La aparición de narcomantas presuntamente firmadas por el Cártel Jalisco Nueva Generación (CJNG) con amenazas directas contra la gobernadora de Baja California, Marina del Pilar Ávila, marca un nuevo y peligroso escalón en la relación entre crimen organizado y poder político en México. Esta vez, el mensaje no va dirigido a un funcionario de bajo perfil ni a un jefe policial: apunta a la máxima autoridad estatal, con acusaciones de presunta extorsión en el sector pesquero.

Este hecho no puede minimizarse como un acto propagandístico más del narcotráfico. Estamos ante una advertencia que expone dos verdades incómodas: la penetración del crimen organizado en sectores estratégicos —como la pesca, que mueve millones en exportación legal e ilegal— y la fragilidad de las instituciones estatales frente a organizaciones criminales con capacidad para operar en la esfera pública y mediática.

El sector pesquero en Baja California no es un asunto menor. Representa no solo riqueza natural, sino también una puerta abierta para el tráfico ilegal, desde totoaba hasta drogas que se mueven por rutas marítimas.
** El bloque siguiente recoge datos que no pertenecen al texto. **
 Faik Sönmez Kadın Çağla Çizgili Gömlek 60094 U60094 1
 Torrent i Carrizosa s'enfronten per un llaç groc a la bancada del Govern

La acusación que aparece en las mantas —presunta extorsión para permitir operar a ciertas cooperativas— plantea un escenario de colusión o, al menos, de intento de sometimiento del poder político por parte del crimen organizado.

Que estas amenazas se hagan públicas, en lugar de mantenerse en la clandestinidad, es un mensaje calculado: el CJNG busca posicionarse como un actor con capacidad para condicionar decisiones gubernamentales, exhibiendo a una autoridad electa en la plaza pública del terror.

La respuesta institucional será clave. Minimizar el hecho como “propaganda criminal” solo alimenta la percepción de impunidad y debilidad del Estado. En Baja California, como en otras regiones del país, los narcomensajes se han convertido en un instrumento para disputar legitimidad: mientras el gobierno promete orden, los cárteles gritan impunidad. Y lo hacen sin miedo.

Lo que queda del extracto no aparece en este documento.